In the US, Crackers are a very quick and popular snack ! One of the most common types are peanut butter. Do you guys know Lance Crackers with the variety packs? The orange ones with peanut butter have always been called Toasted Cheese. Now the name is and apparently always has been "Toast Chee”

That is not a Mandela Effect. Thus they always were, since their introduction in 1938.

Owned by Campbell now.

Guns ’n’ Loaves:

Here’s the bakery.

This is an ad for a grocery store.

Be a V housewife! “Victory belongs to the housewife, too - if she follows a wartime house management program.” Follow these tips: save fats, save paper, buy no-points food, have your ration book ready at the checkout, and shop during the week instead of busy Saturday."

If you do none of these things you are not a V housewife and victory will not, in fact, belong to you.

I'm not sure it's deliciously different. I mean, it's peanuts.

Tom Huston was “the boy farmer who became the peanut king.”

At first, the company offered for sale one item – the toasted salted peanut and Tom patented the single serving, tall, narrow, glassine bag that would become a signature.

He had the patent on that, eh? Wise. But he’d take it in the neck after another operation failed and left him in debt.

In 1931, the bank foreclosed, and the Board of Directors discharged him as President. They offered him a $12,000 salary and position as Chairman of the Board, he refused and started a competitive business. His new venture would fail. Embittered, he left Columbus for Miami, returning only after his death in 1972 to be buried in Linwood Cemetery.

His death was front-page news in Columbus. The word “embittered” did not appear.

Guess who bought them in 2005? Lance.

   
 

The enlisted gals make an appearance.

 

   

Milk - for victory!

One line tells you more than the others: "Conscious as you are of present conditions." Read into that what you will.

These were less than 10% of the ads. Everyone in town pictched in.

 

 

 

 

   
 

Today it's 1969.

We may think the end of the 60s was all counter-culture mod graphics, but there was an appreciation for long-ago designs on both sides of the culture. The counter-culture dug it for general grooviness, and would incorporate it into their most enduring art form: album cover art.

Oh, I love it:

The Heinz Research Center.

Today: you see it's not in some modern office-park setting or International Style downtown gallery, but the old factory complex.

The old factories are now residential.

Breaking: Heinz completely redesigned the pickle packaging for 1969! Hip young women are newly intrigued.

Did many people knew that the ketchup company was behind this guy?

If not for these annual reports, who would know that Heinz sponsored a show that advertised job openings in the community?

I wonder how many people in the late sixties were bothered by the fact that these modern hip chairs showed up on Star Trek and everyone was supposed to think "Guess they're still making them in the future."

Happy-Ade has two new flavors!

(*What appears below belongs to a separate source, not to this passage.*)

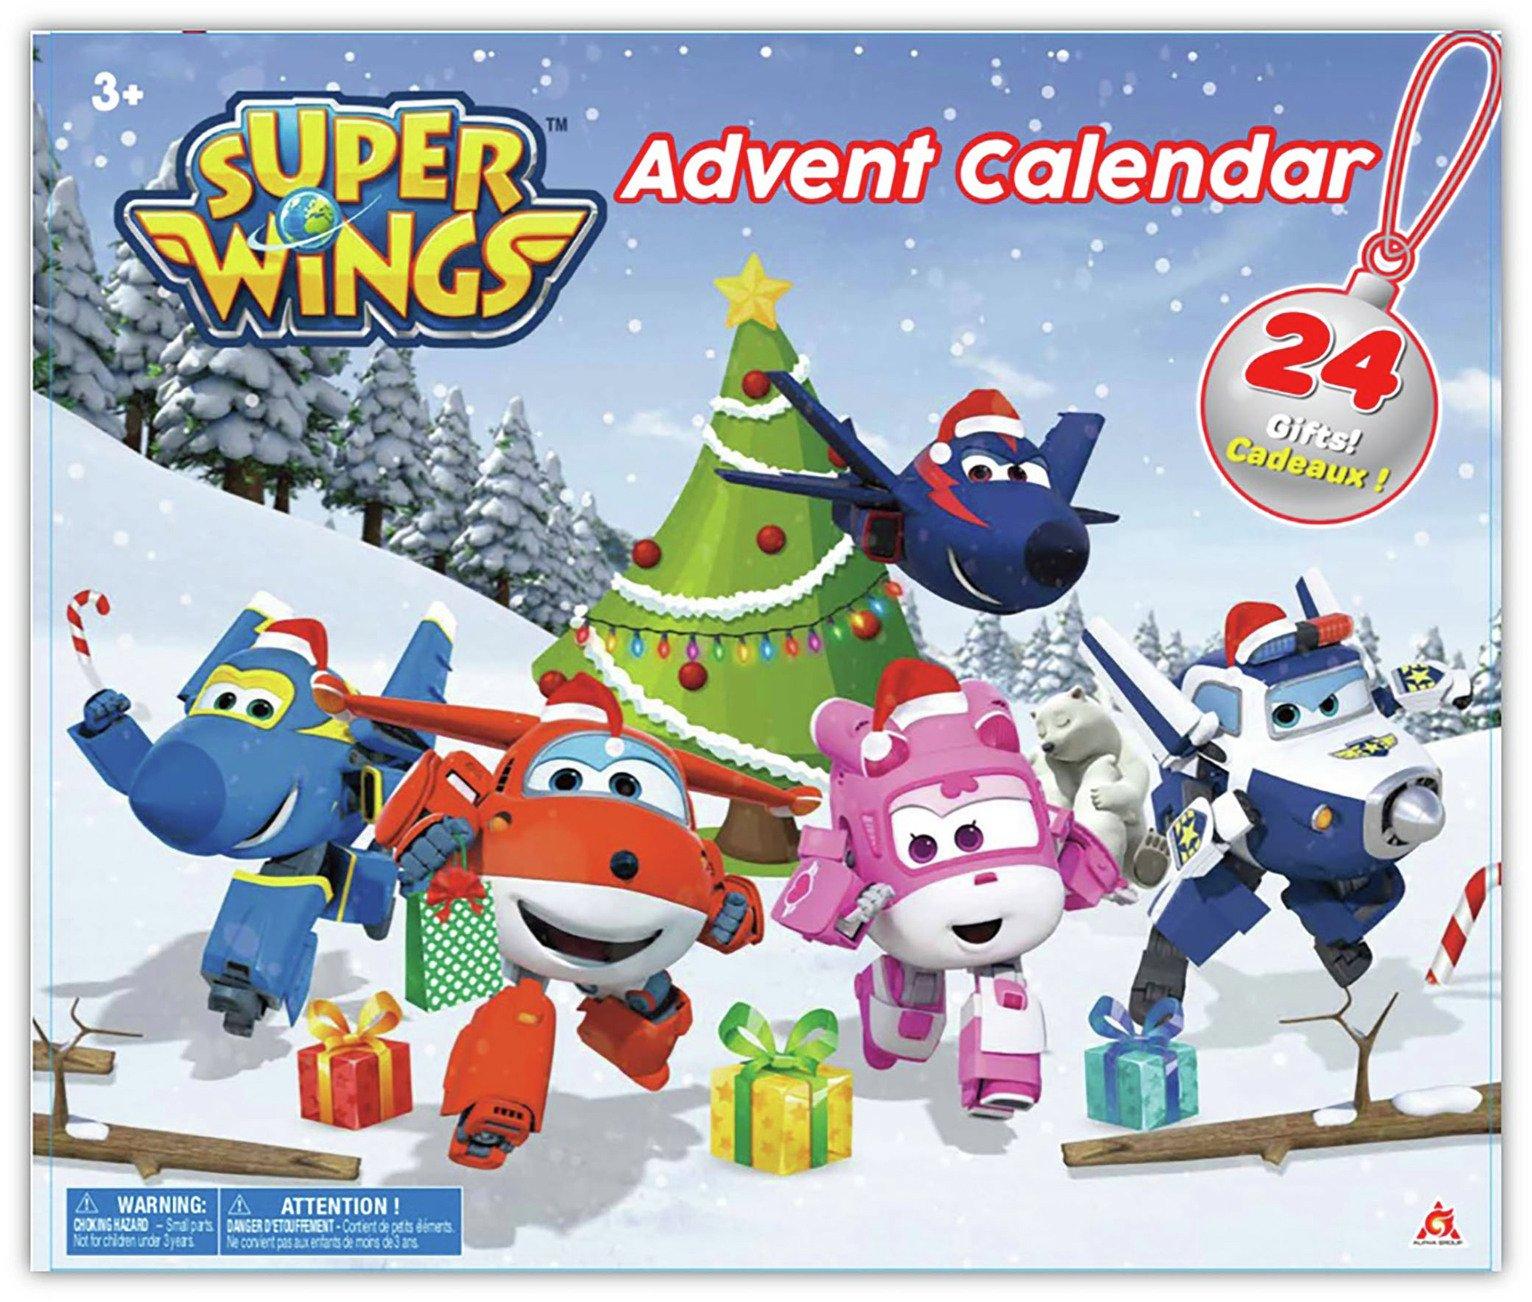 Super Wings Advent Calendar
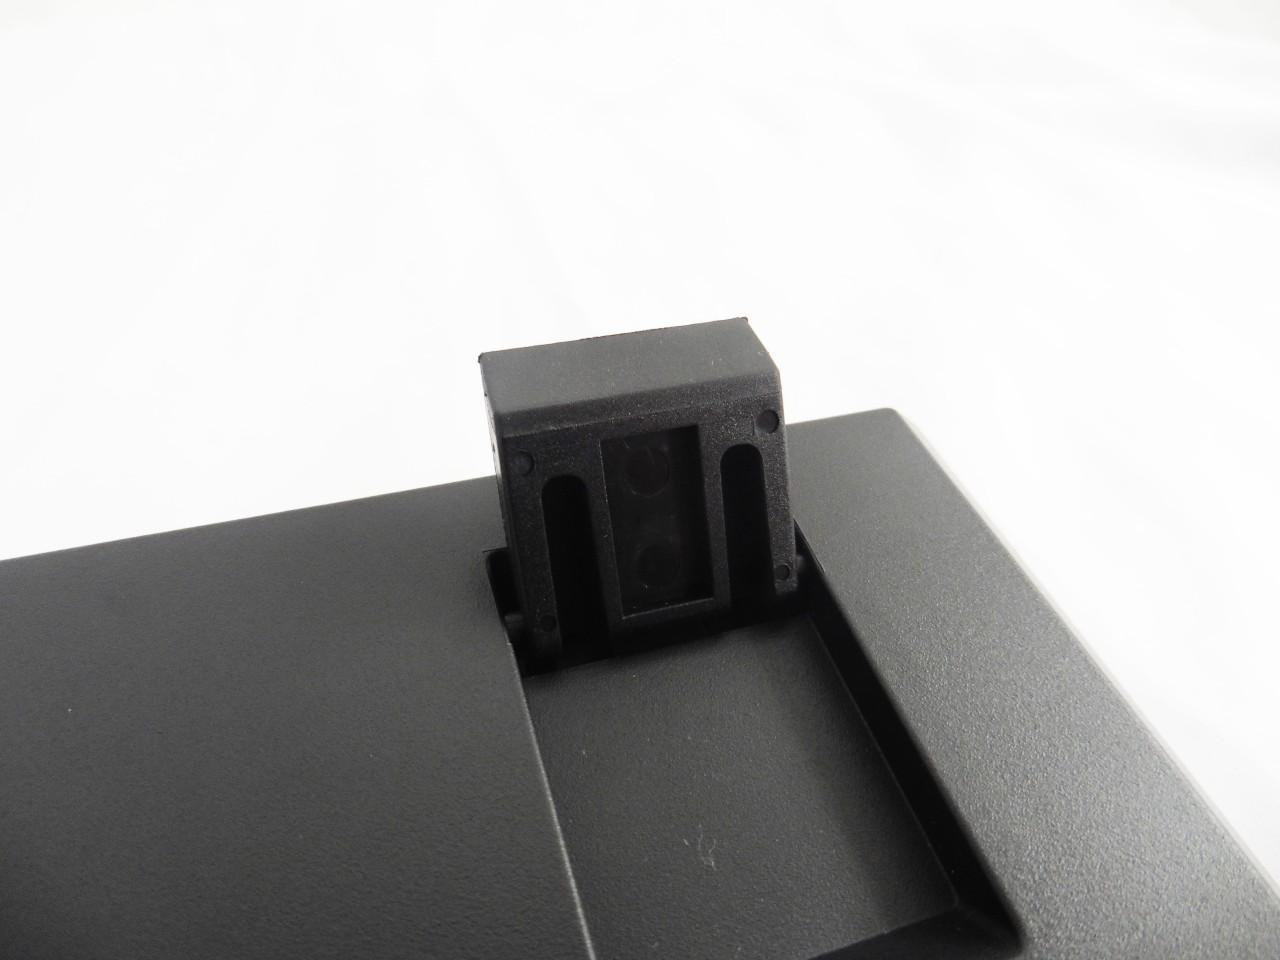 Unboxing & Review: Cooler Master MasterKeys Lite L Keyboard Mouse Combo 107

Thus was the Australian sugar-water market rocked to its core.

Speaking of cores, I cannot explain the item attached to the table fabric. An apple that says “I hate teach”?

Tantalizing glimpse of a British supermarket c. 1969. Well, tantalizing to me.

The lonely life of a company rep, going to a suburban store after the rain to give them some signage for the serve-yourself bar.

By the way: there was a Genesis lyric I never completely understood for many years in "Dancing with the Moonlit Knight, on the "Selling England by the Pound" album. It's about economic and cultural decline.

The Captain leads his dance right on
Through the night, join the dance
Follow on till the Grail sun sets in the mould
Follow on till the gold is cold
Dancing out with the moonlit knight
Knights of the Green Shield stamp and shout

If I'd seen this picture in 1975, I would have had a lightbulb moment.